As the academic year comes to an end, preparations for the upcoming graduation have begun. This includes the selection of the 2023 commencement student speaker. The selected student speaker for the 2023 undergraduate class is Nour Yousry ‘23.
“I am deeply humbled by this opportunity to serve as the class of 2023 student commencement speaker,” said Yousry.
Yousry has been heavily involved in the campus community through her time at Muhlenberg. She has served as an Emergency Medical Services (EMS) Captain, a Resident Advisor (RA), the co-president of the Muslim Students Association (MSA), the co-founder and co-president of the Hebrew Arabic Buddies Interfaith Berg Initiative (HABIBI), campus tour guide and a campus delegate, to name just a few.
With her appointment as speaker, Yousry was able to speak about what this opportunity means to her, and how honored she is to be selected to speak for the class of 2023. “I am beyond humbled [by] this opportunity. I recognize that the class of 2023 is showered with lots of accomplishments, and lots of light. The class of 2023 is so accomplished and so talented, and an inspiration to me personally. I just feel so honored to be given the opportunity to address the class of 2023. But that being said, I am just as excited to celebrate everyone’s accomplishments as well.”
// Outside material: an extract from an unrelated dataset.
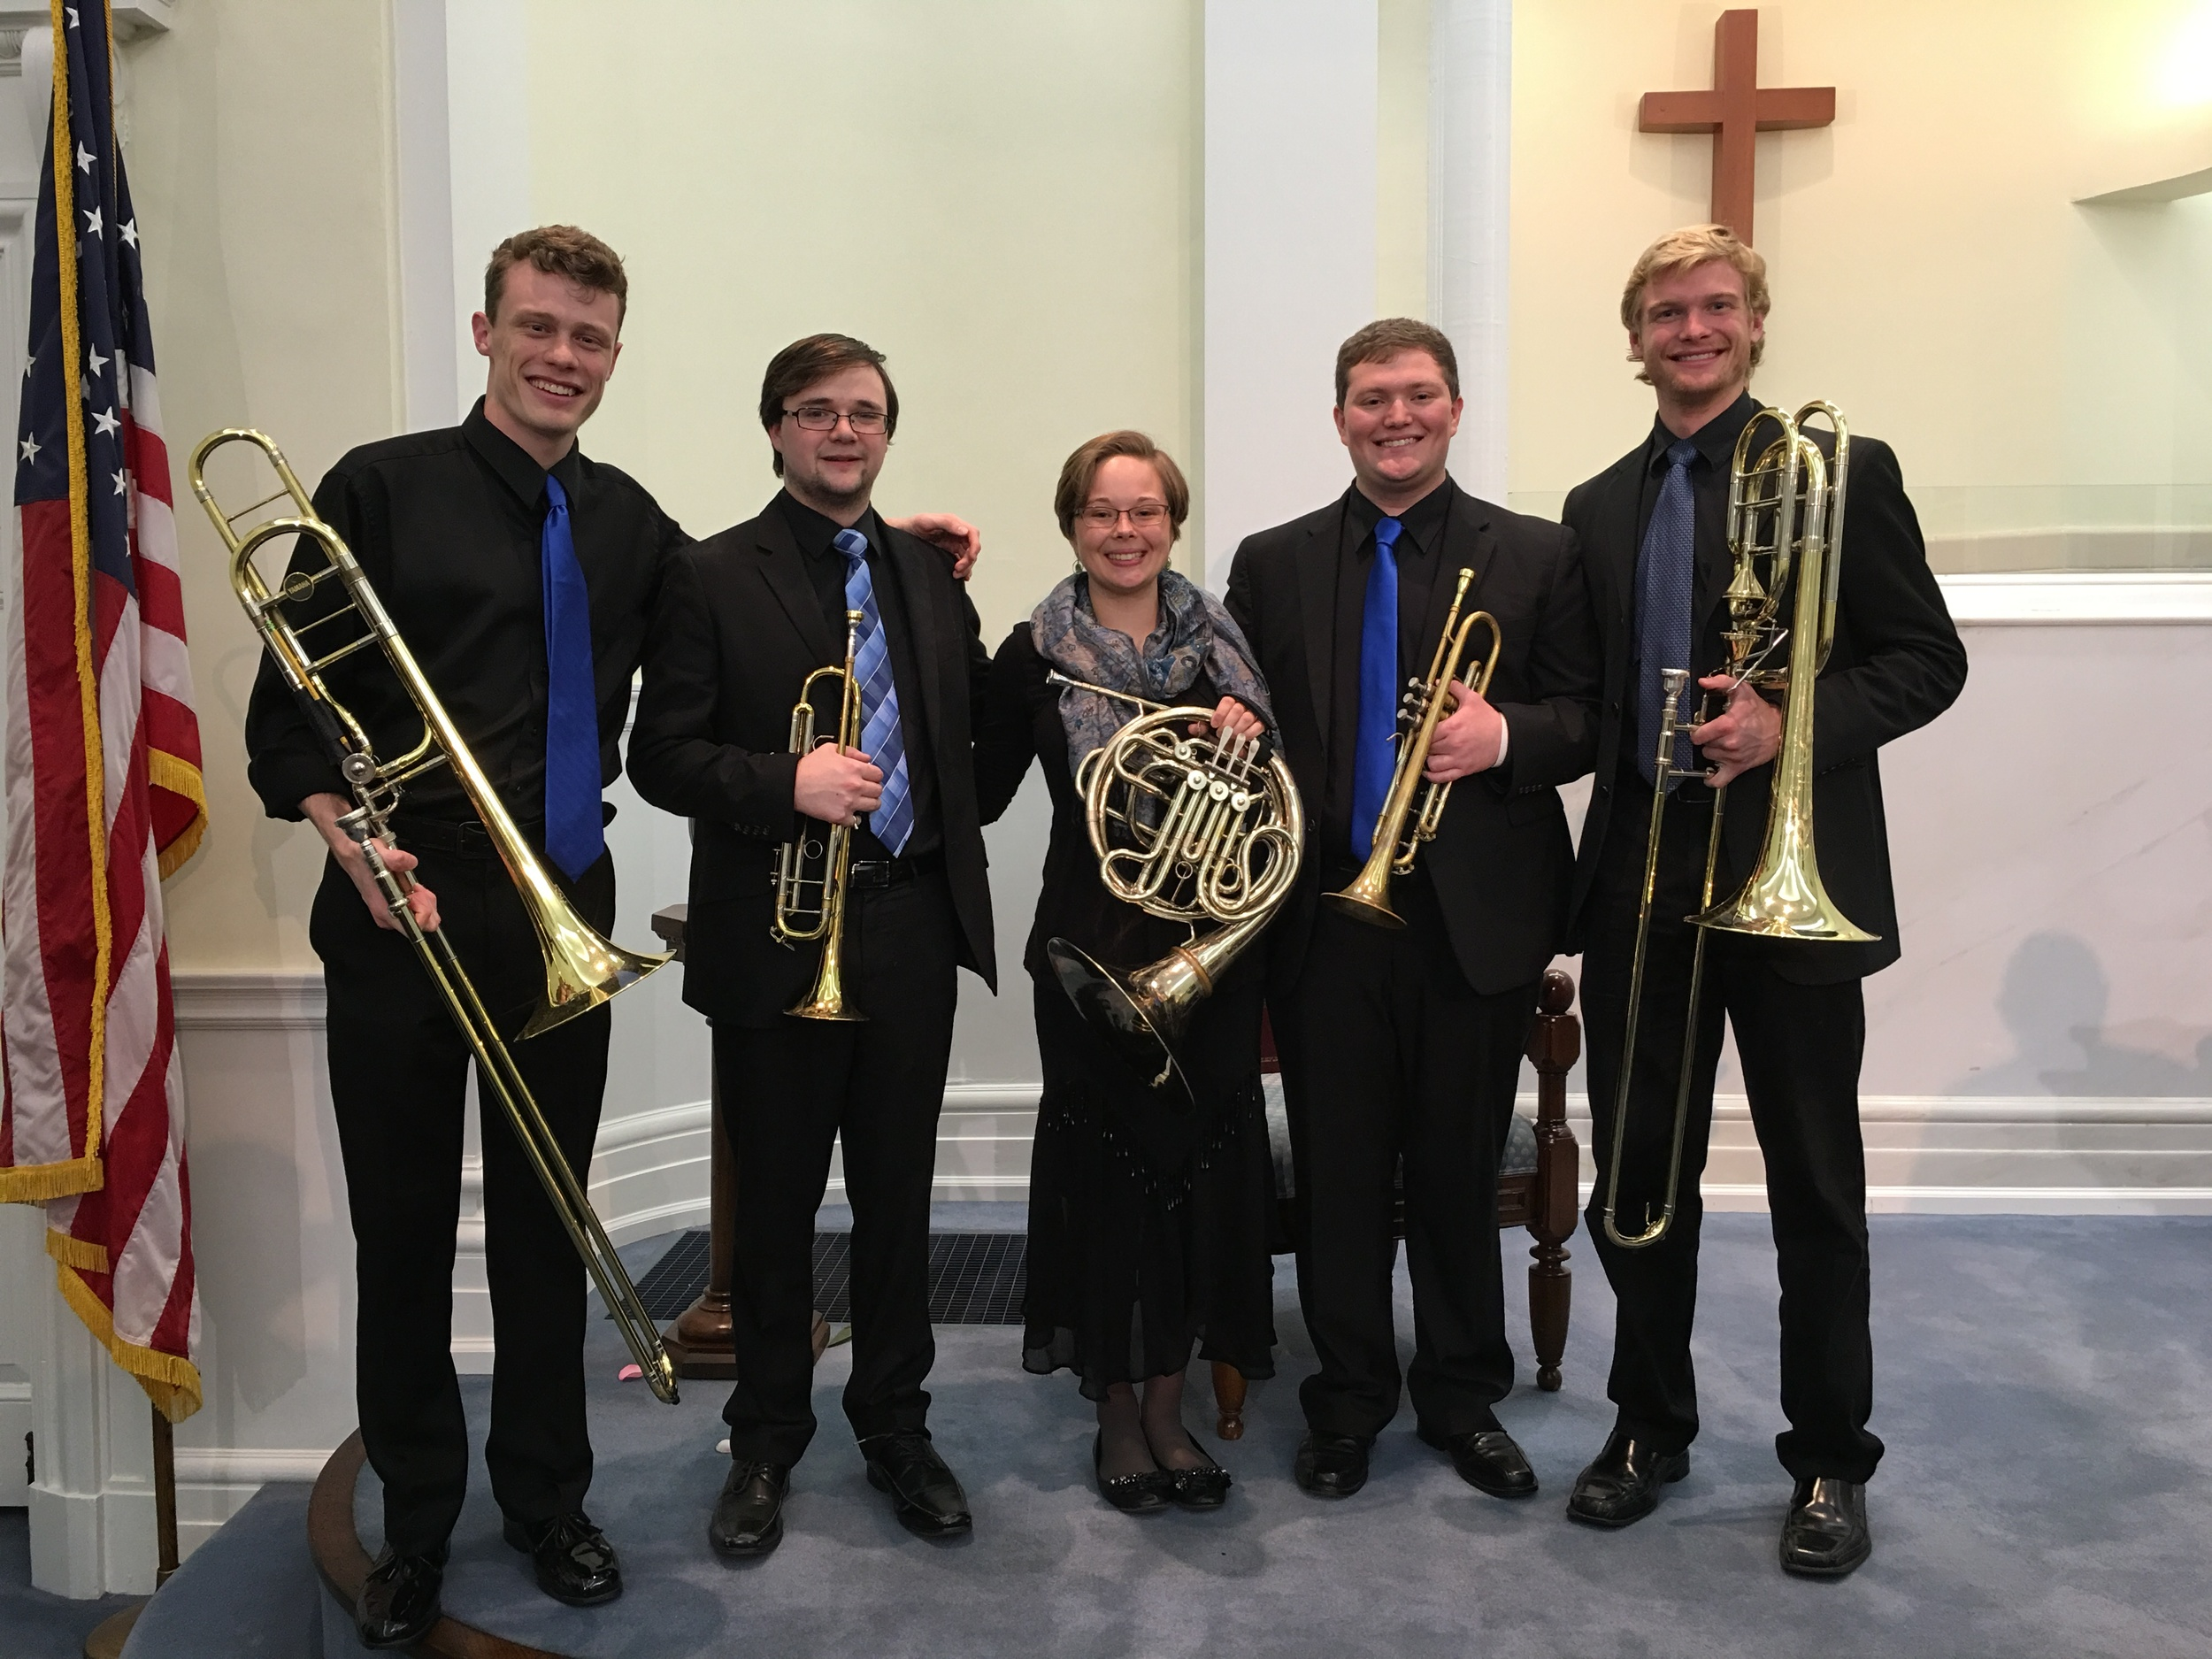 Blue River Brass Quintet

“I applied for the position [of speaker] because I am so proud of my peers,” added Yousry. “I am so excited to celebrate everyone’s accomplishments and everyone’s next steps. On commencement day, I want to recognize all the work our class year has accomplished, and recognize the highs and lows of our journey. Our class experienced the global pandemic in our freshman year, and a lot of abrupt changes we were not expecting.”
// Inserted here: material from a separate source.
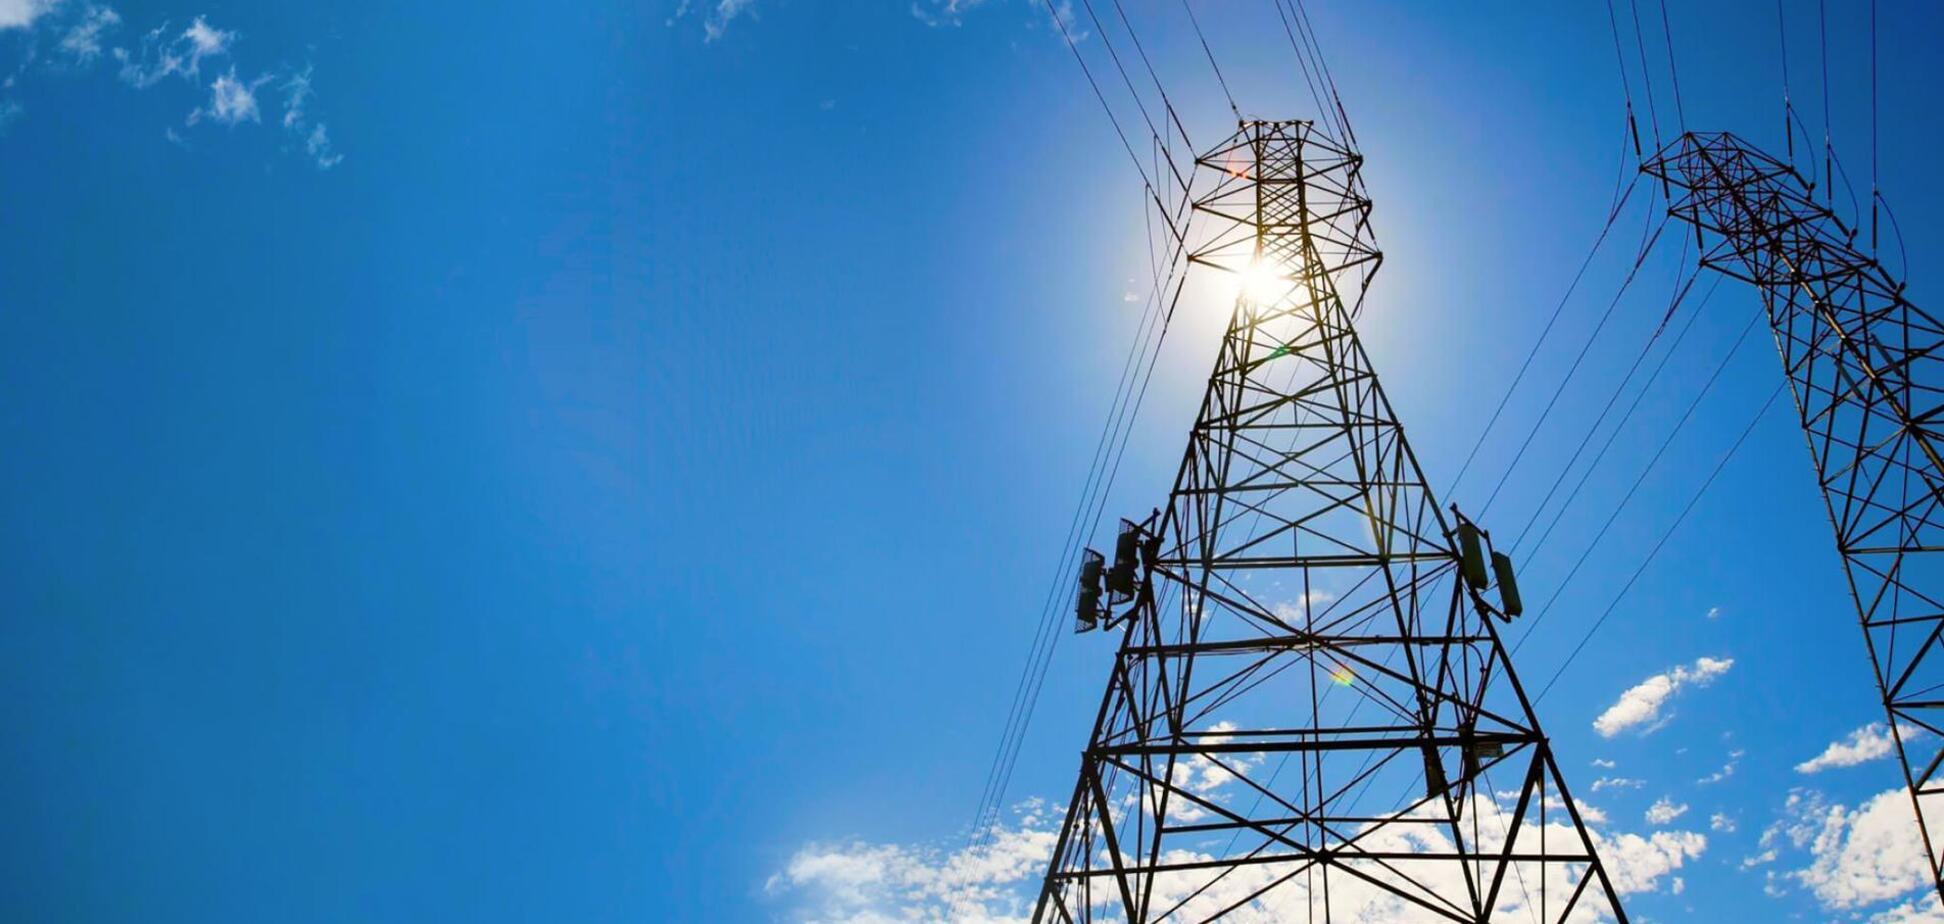 Україну 'відріжуть' від спільної електромережі з Білоруссю та Росією: Кулеба назвав термін

“But at the same time, our class was very dedicated and resilient through these years, and has shown accomplishment and has shown success through all the trials and tribulations.”Nour Yousry ’23
Yousry was able to provide insight on her decision to apply, the selection process this year and how it was slightly different than years prior. “There was a very specific process. We submit our speeches, they are anonymised, the selection committee hosts student interviews and then those student names that go through the second tier, go into a ballot where the class of 2023 is able to vote. That is how it’s always been traditionally, and that is the impression I was under when I applied to be speaker,” said Yousry.
The process for selecting the student speaker requires interested students to submit a draft of their speech to a selection committee. From there, the names and identities of the students are removed from the speeches before they are inspected by the selection committee. Then, the committee spends time reviewing and assessing the submitted speeches, and from here, in previous years, the committee would narrow the submissions down to a small number of finalists. These finalists would then have their names and a brief bio of them sent out to the graduating class, where the graduating class would get the opportunity to vote on the final selected speaker.
This year, while applicants were informed that the process would remain the same, when it came to final selection the process was changed without informing the applicants and the graduating class. The final student speaker was chosen by the selection committee, removing the aspect of the class vote.
When asked about the change in selection policy this year, the Director of Student Organizations, Leadership, and Engagement (S.O.L.E) Ellen Lentine stated, “The College does not have a formal policy in place for determining the Senior Commencement Speaker. The Senior Commencement Speaker Selection Committee is responsible for reviewing applications and recommending the best course of action for selection.”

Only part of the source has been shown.